DECORATIVE PART AND METHOD FOR PRODUCING SAME

Abstract

A decorative part and a method for producing a decorative part, wherein the decorative part is in particular a lining part of a motor vehicle. The decorative part has a decorative coat which is provided on the rear side with a reinforcing layer and/or on the visible side with a transparent coating. In order to improve the durability or the optical properties, in particular, of a decorative part provided with a light guide for transilluminating and/or backlighting the decorative coat, the decorative part is post processed by a laser treatment.

Claims

1. Decorative part, in particular lining part for a motor vehicle, having a decorative coat which is provided on a rear side with a reinforcing layer and/or on a visible side with a transparent coating wherein the decorative part is post-processed by laser treatment.

2. Decorative part according to claim 1, wherein an edge of the decorative part is provided with an edge protection wherein the edge protection is formed by laser cutting of the edge of the decorative part.

3. Decorative part according to claim 1, wherein a light guide is provided on the rear side for transilluminating and/or backlighting the decorative coat, wherein a surface of the light guide is laser-processed for applying a shadow pattern.

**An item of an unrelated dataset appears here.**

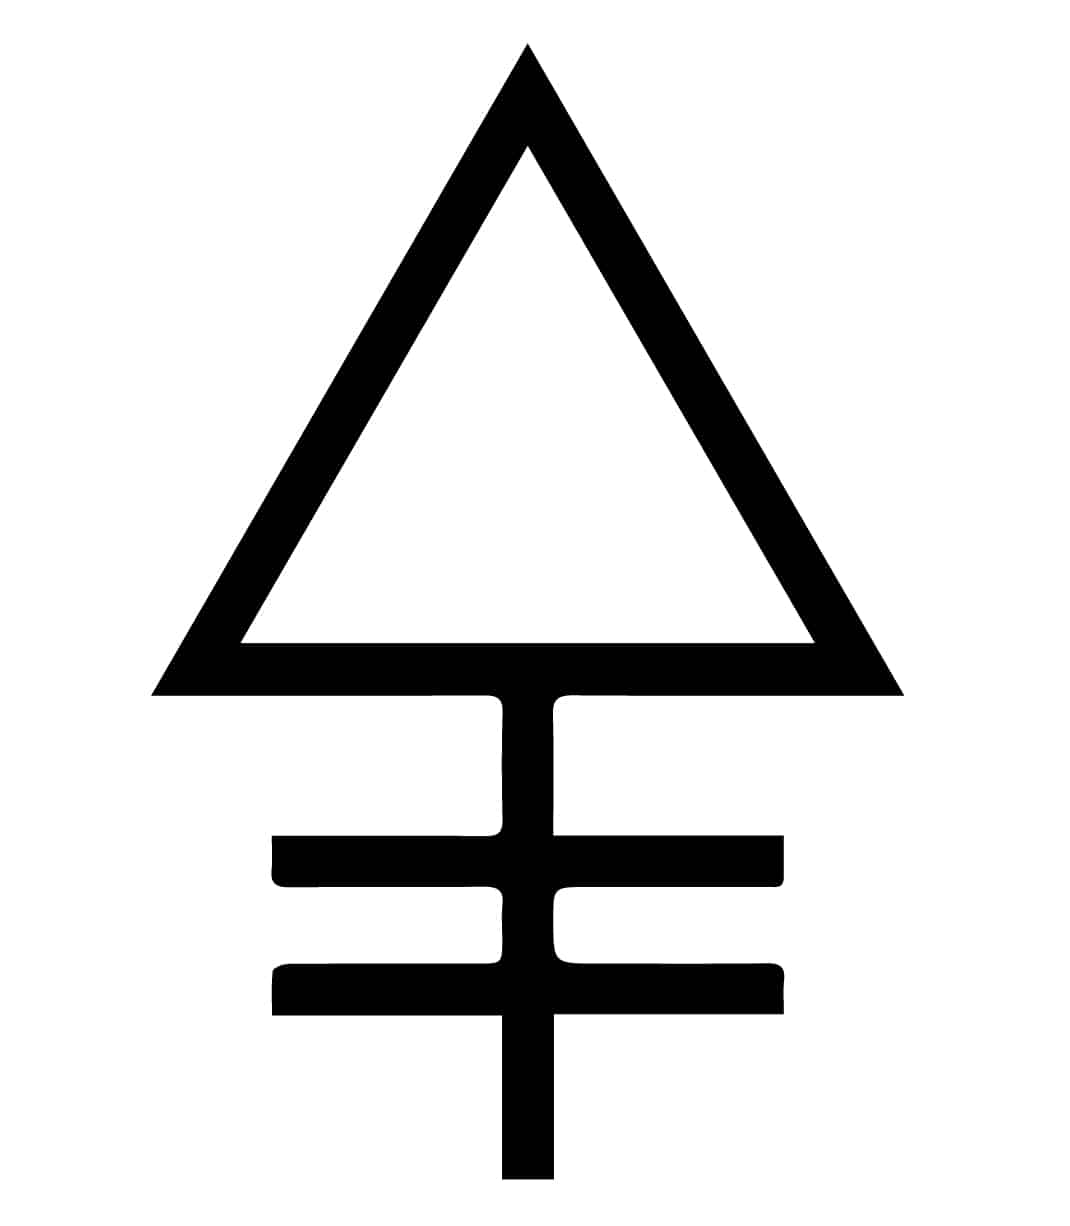 Símbolos de la alquimia y sus significados - La lista ampliada de símbolos alquímicos
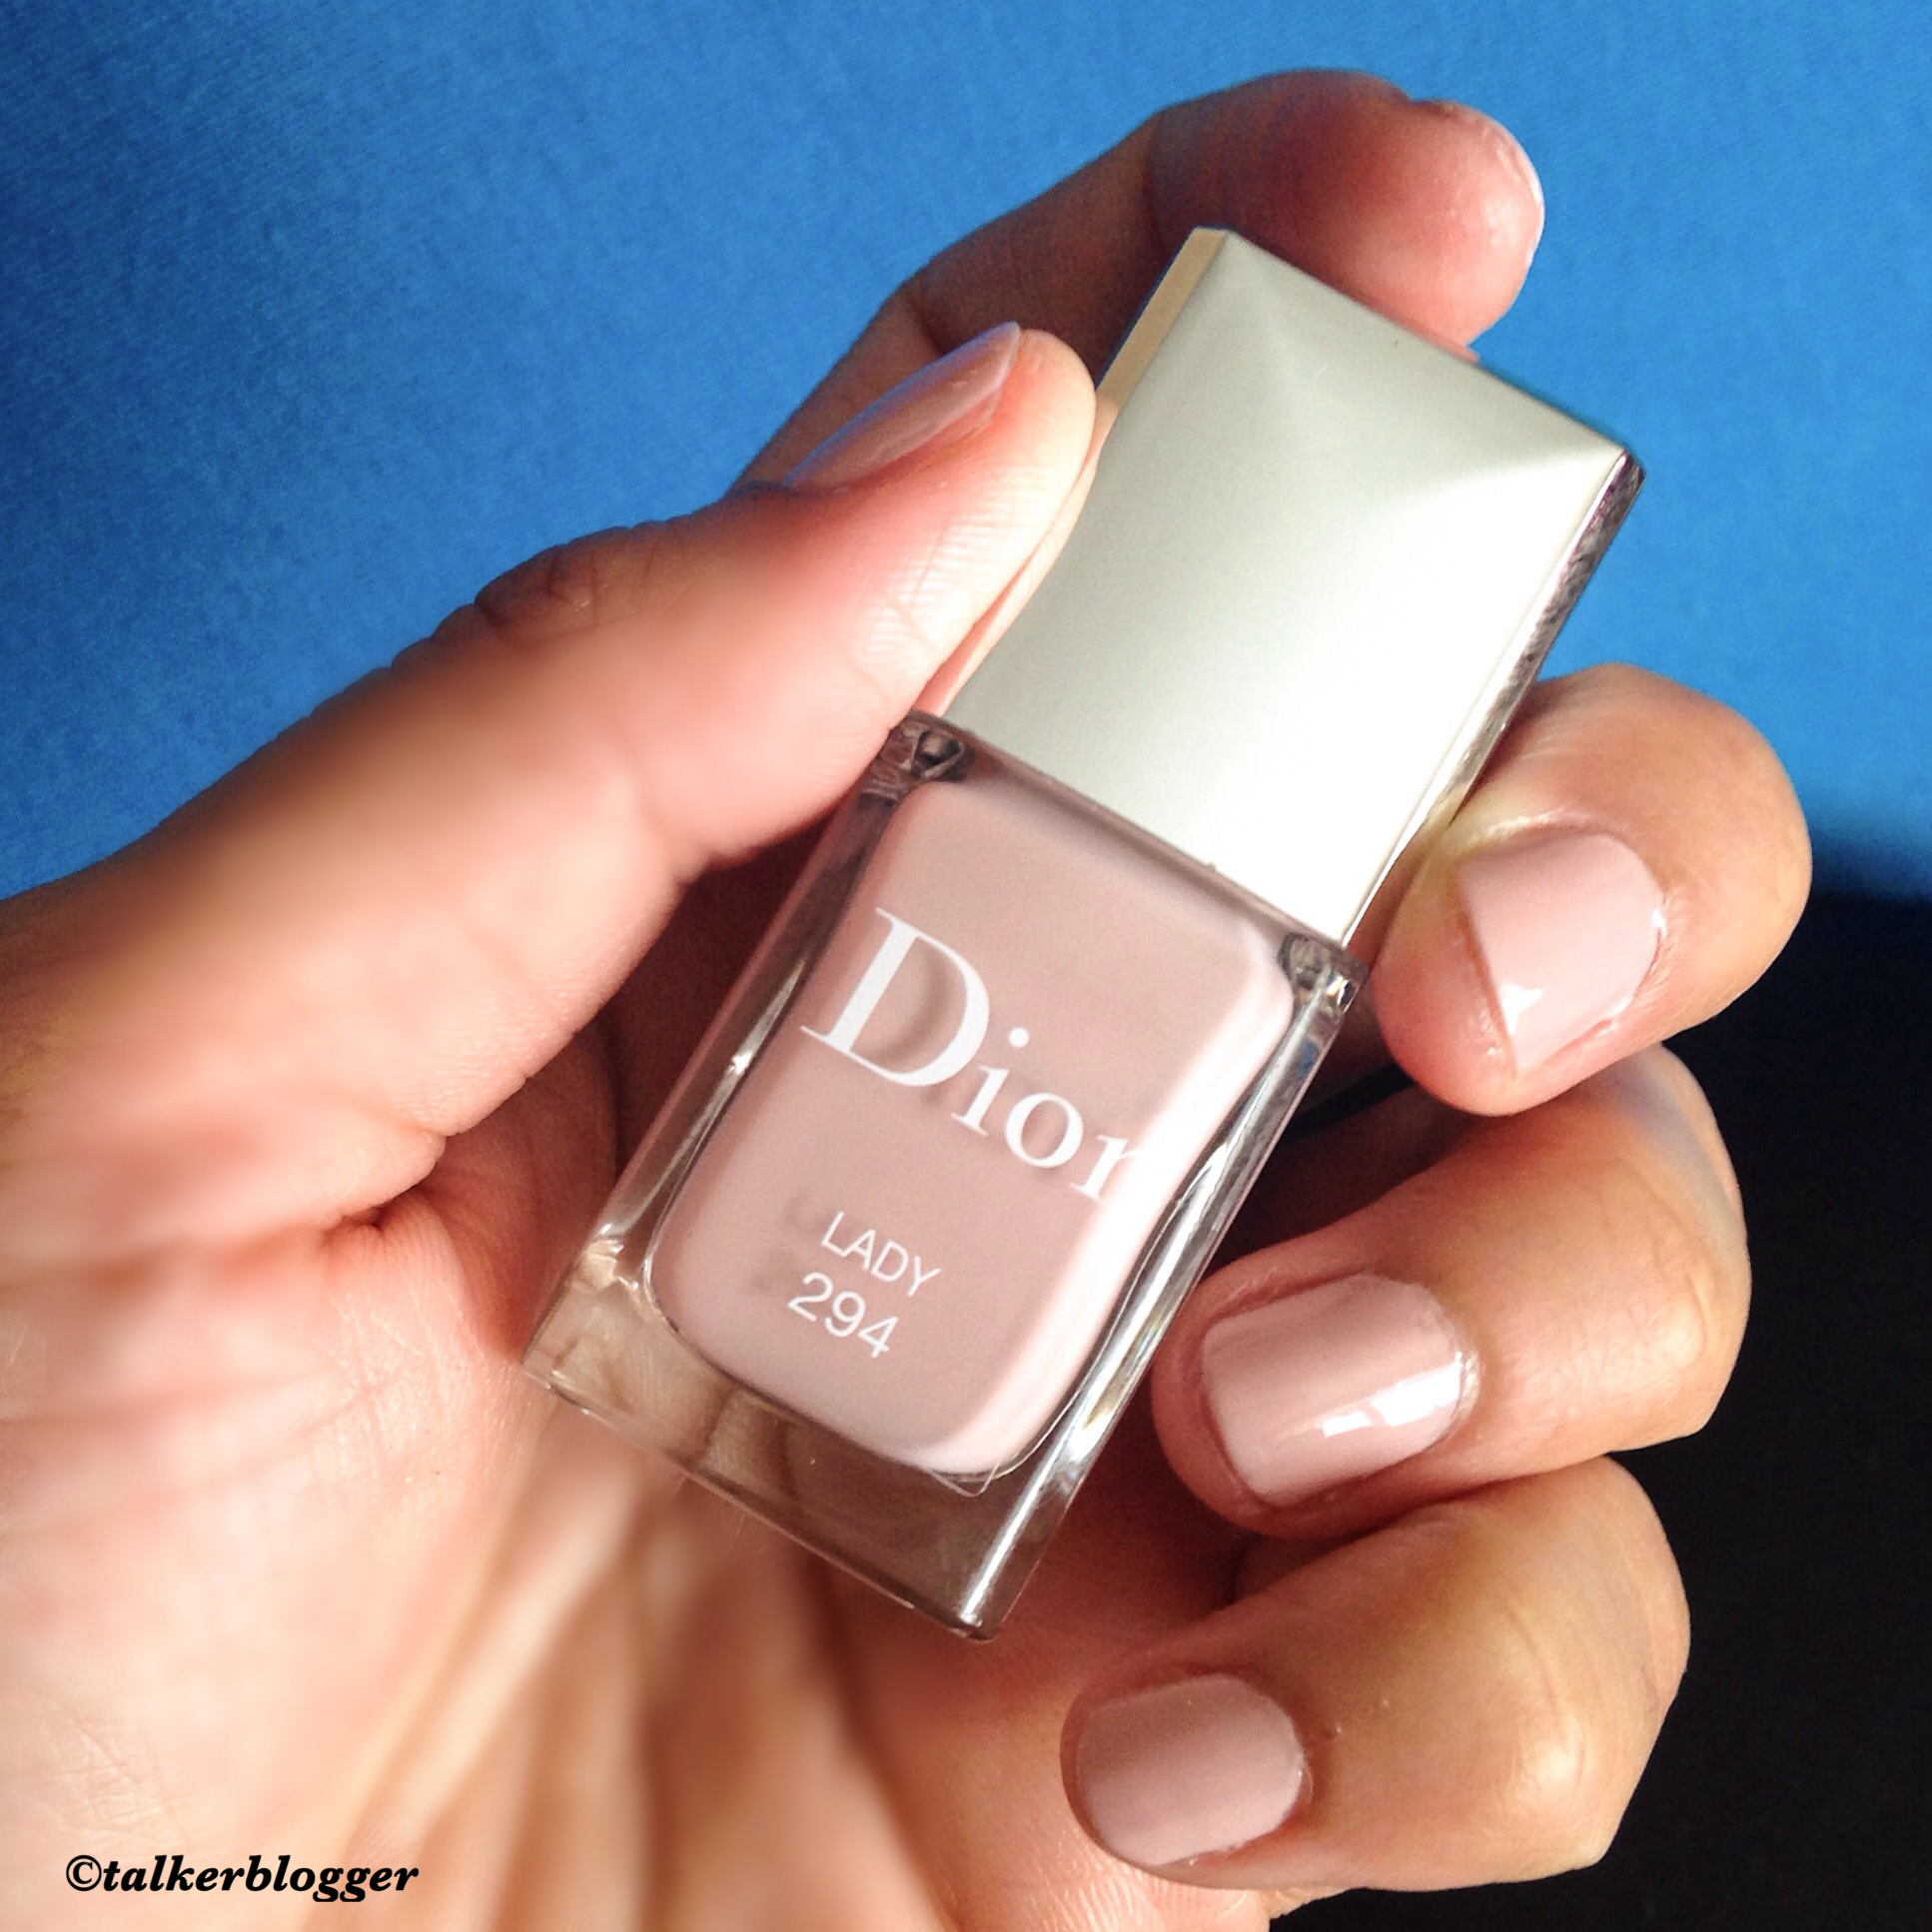 dior lady nail polish

4. Method for producing a decorative part, in which a decorative coat is provided on a rear side with a reinforcing layer and/or on the visible side with a transparent coating, an intermediate product produced in this way is trimmed to produce a final contour and then laser-processed.

5. Method according to claim 4, wherein an edge of the decorative part is laser-processed.

6. Method according to claim 5, wherein the laser processing carbonizes material of the decorative part to form an edge protection.

7. Method according to claim 4, wherein a light guide provided on the rear side for transilluminating and/or backlighting the decorative coat is laser-processed.

8. A method for producing a decorative part comprising the steps of: forming a decorative layer on a reinforcing layer forming an intermediate product having a circumference; and melting the decorative layer and the reinforcing layer on a part of the circumference with a laser.

9. A method for producing a decorative part as recited in claim 8 wherein: said step of melting further comprises carbonization.

10. A method for producing a decorative part as recited in claim 8 further comprising: prior to said step of forming a decorative layer on a reinforcing layer and said step of melting, forming another decorative layer having through holes on the decorative layer; and molding the reinforcing layer forming projections with the decorative layer extending into the through holes.

11. A method for producing a decorative part as recited in claim 10 wherein: the reinforcing layer comprise a light guide and the projections comprise optical lenses.

12. A method for producing a decorative part as recited in claim 11 further comprising the step of: placing a light source adjacent an edge of the reinforcing layer.

Description

BRIEF DESCRIPTION OF THE DRAWINGS

[0019] Further details and advantages of the present invention will be apparent from the following description of embodiments in conjunction with the drawing. Therein:

[0020] FIG. 1 shows a perspective sectional view of the embodiment;

[0021] FIG. 2 shows a top view of the rear side of the light-guiding layer of the embodiment;

[0022] FIG. 3 shows a top view of the front side of the light-guiding layer;

[0023] FIG. 4 shows an enlarged detail of the view according to FIG. 3;

[0024] FIG. 5 shows a longitudinal sectional view through a light guide dome of the embodiment with some beam paths,

[0025] FIG. 6 shows a sectional view of a second embodiment, and

[0026] FIG. 7 shows a schematic view of the decorative part during post-treatment by laser.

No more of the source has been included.